Santa Claus ha detto:


> assolutamente falso... non accomunarmi a certi elementi... è offensivo...


 
ma come jim, non sei tu???

Lo dice iago, sai che lui dice sempre la vertà


----------



## Old jdm2 (29 Gennaio 2008)

Basta, Cate. 
Ti prego, basta così....

Ho pagato abbastanza certi errori. 
Voglio che finisca questa storia.
Sono un'altro uomo, adesso... La mia sofferenze è finita, o è almeno sopportabile.

Santa Claus, scrivi quello che ti pare.... Io non replico.

Voglio stare bene nel forum, con tutti. L'ho già scritto.

Ora basta, Mk
Basta, Cat
Basta, Alex

Basta cloni e nick a me sconosciuti.

Giovanni, per cortesia.... Mi sono registrato più volte come jdm per errore, per postare queste risposte, puoi cancellare queste nuove iscrizioni, se vuoi. 
Ti prego di smentire Cat, il mio IP lo puoi controllare.

Grazie


----------



## Old Santa Claus (29 Gennaio 2008)

come no... è la bocca della verità... solo che ha lingue biforcuta... comunque... non sono jdm.... questo è sicuro...


----------



## Persa/Ritrovata (29 Gennaio 2008)

sfigatta ha detto:


> Lupa mi fai morire!!!!
> 
> siamo alla 38134515584158418954154847 puntata e non hai ancora capito??




















































...puntata di cosa?


----------



## Mari' (29 Gennaio 2008)

La Lupa ha detto:


> Allora, tanto per dirne una... ma chi cazzo è *Michele*, scusate?


alias JDM, Jesus e tanti ancora


----------



## Lettrice (29 Gennaio 2008)

Persa/Ritrovata ha detto:


> ...puntata di cosa?


Ma dove vivi?... Persa devi seguire _Squalliful_...


----------



## Fedifrago (29 Gennaio 2008)

La Lupa ha detto:


> Allora, tanto per dirne una... ma chi cazzo è Michele, scusate?


 
L'intenditore del Glen Grant!!!


----------



## Old jdm2 (29 Gennaio 2008)

Emmekappa2 ha detto:


> Non è vero che tutto il resto è il nulla, il PERFETTO nulla. Ma lo sappiamo io e te. E chiudo qui. TU non sei mai stato abbastanza per me. E lo avevo capito subito. Lo specchio si era rotto molto presto. Ma sei stato molto bravo a rispecchiarmi ancora nei cocci. Ti ringrazio per le splendide persone (e non sono ironica) che mi hai fatto conoscere. L'amore è davvero un'altra cosa. Non voglio mai più ricevere messaggi che offendano me e chi mi ama. Lo dico a te Michele, pubblicamente, cancella il mio numero per favore. Buona vita Mike e felice vita ai tuoi figli e a tua moglie.

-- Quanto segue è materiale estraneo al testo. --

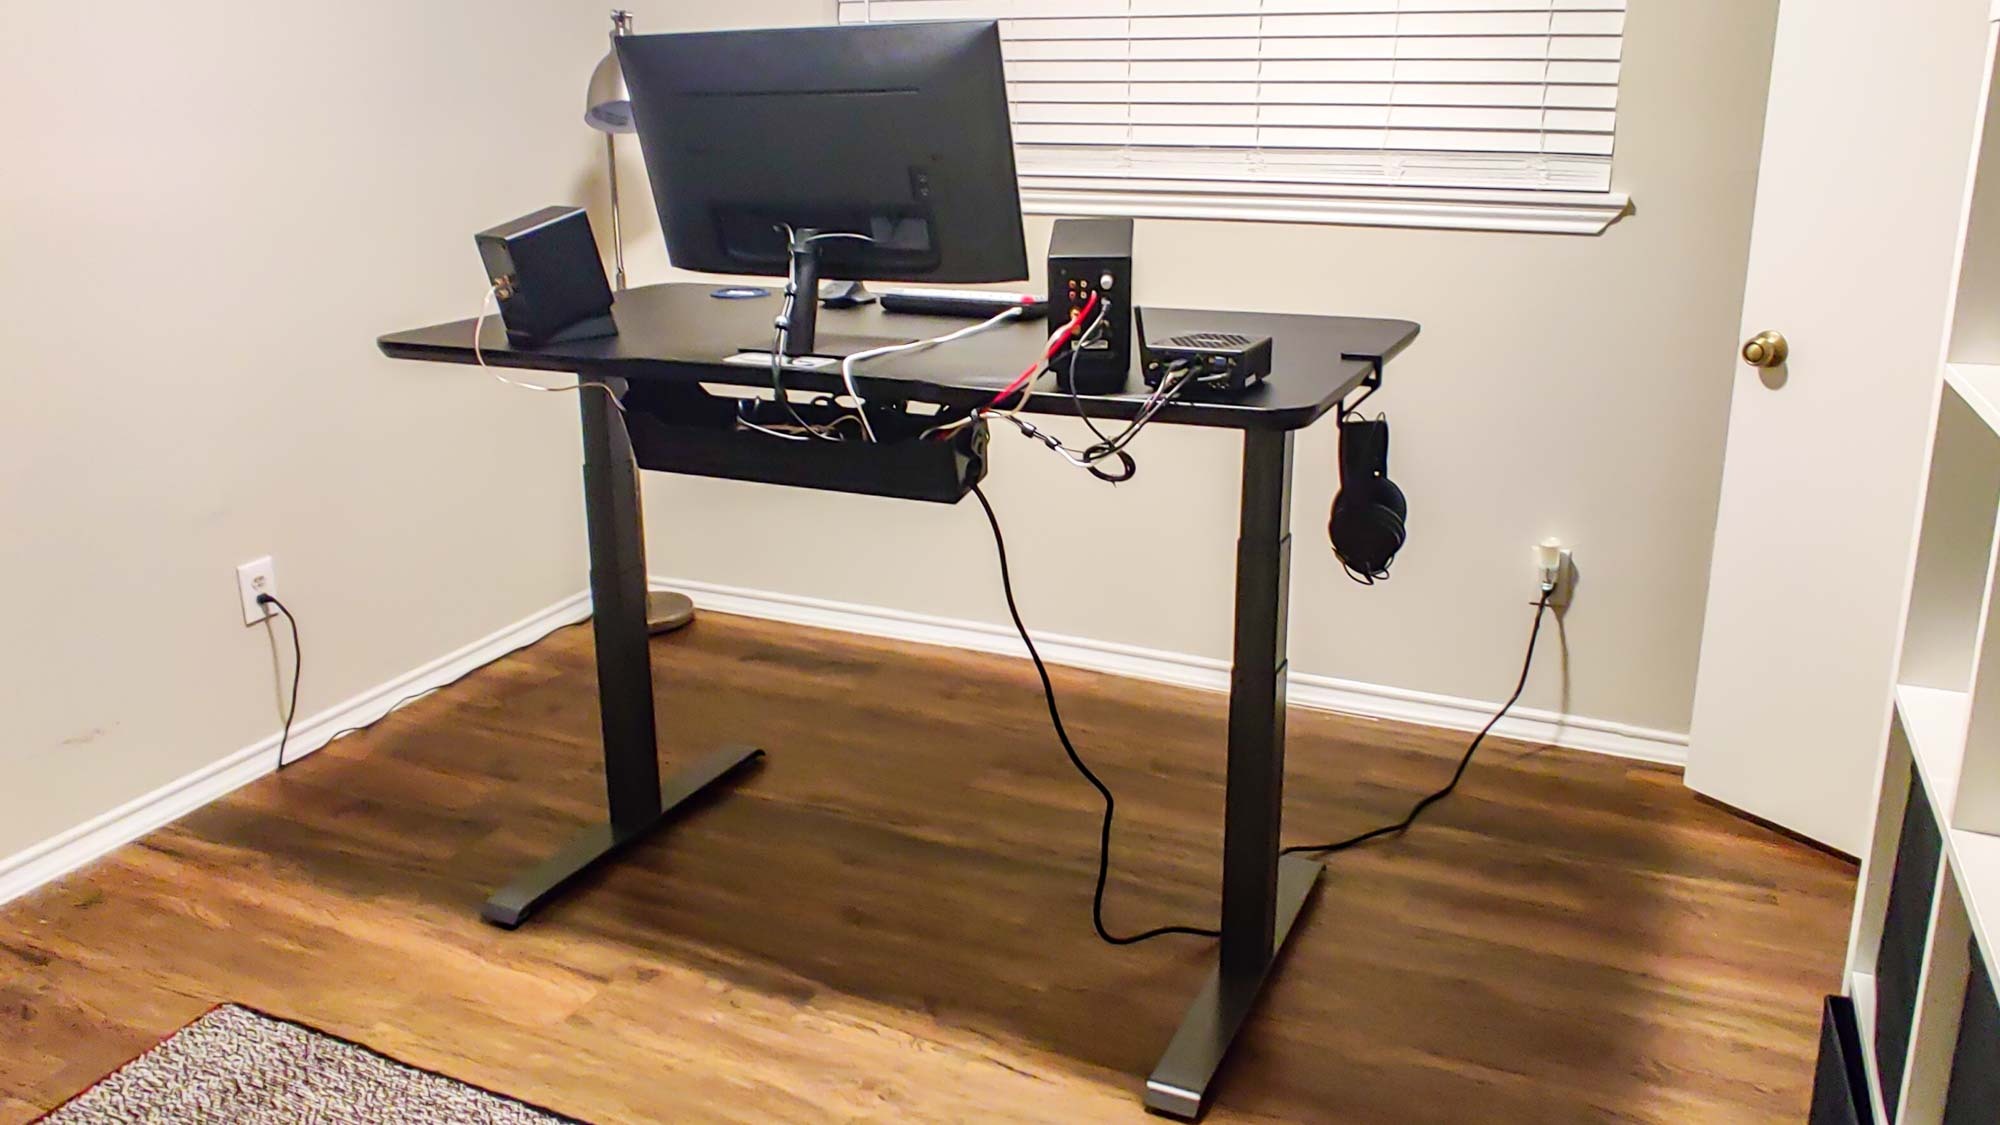 Vari Electric standing desk with drawer for cable management
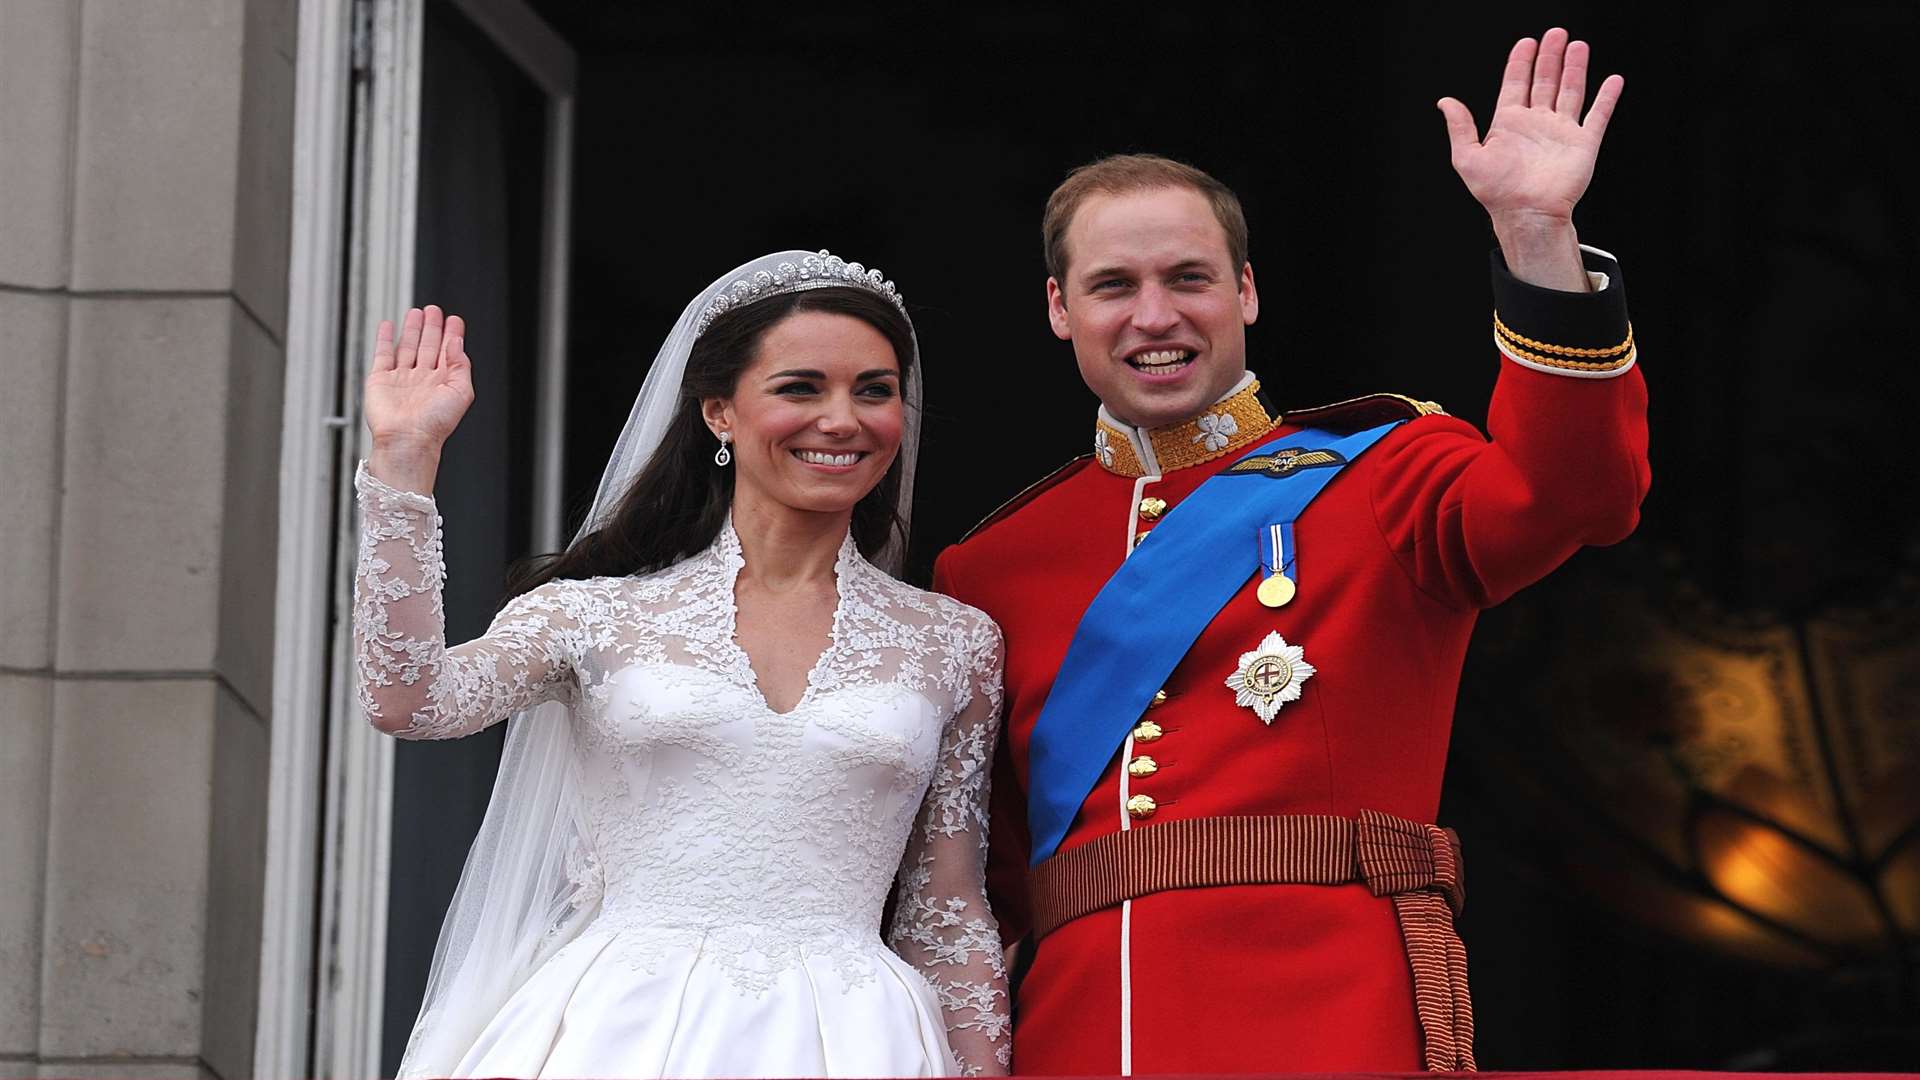 Prince Harry's brother Prince William and Catherine, Duchess of Cambridge, who were married at Westminster Abbey in 2011, said they were "very excited for Harry and Meghan".

Sei una delusione. Ti ho preannunciato via sms questo intervento perchè tu ed alex mi avete sollecitato ad intervenire, in pubblico e in privato. Ma te l'ho detto.  L'ho fatto per me, non per te.
Tu non lo meriti.
E non meritavi il bene che ti ho voluto.

Politically correct ma perfida dentro...

Addio a te.

Hai sempre strumentalizzato tutto... Ma ti conosco, con me me non ci riesci....


----------



## Lettrice (29 Gennaio 2008)

Fedifrago ha detto:


> L'intenditore del Glen Grant!!!


----------



## Old Cat (29 Gennaio 2008)

*miky*



jdm2 ha detto:


> Basta, Cate.
> Ti prego, basta così....
> 
> Ho pagato abbastanza certi errori.
> ...


 
Non so chi è santa claus, se mi dici che non sei tu, non sei tu e basta.

si faceva un po per strammatizzare.

hanno fatto di tutto perchè il non avessi fiducia in te ma non ci sono riusciti.

io mi fido di te miky, la nostra è amicizia pulita.

per il resto, mi auguro anch'io che la finiscano una volta per tutti di dire  falsità sul nostro conto, tuo...mio.

bacio


----------



## Mari' (29 Gennaio 2008)

Fedifrago ha detto:


> L'intenditore del Glen Grant!!!
















   mo ci sta il figlio di Gasman che dice: Ma chi e' Michele?


----------



## Mari' (29 Gennaio 2008)

AHAHAHAHAH!!!!!​



CHE FACCIA TOSTA!


----------



## MK (29 Gennaio 2008)

*un altro*

si scrive senza apostrofo... Grande coraggio Mike, grande coraggio.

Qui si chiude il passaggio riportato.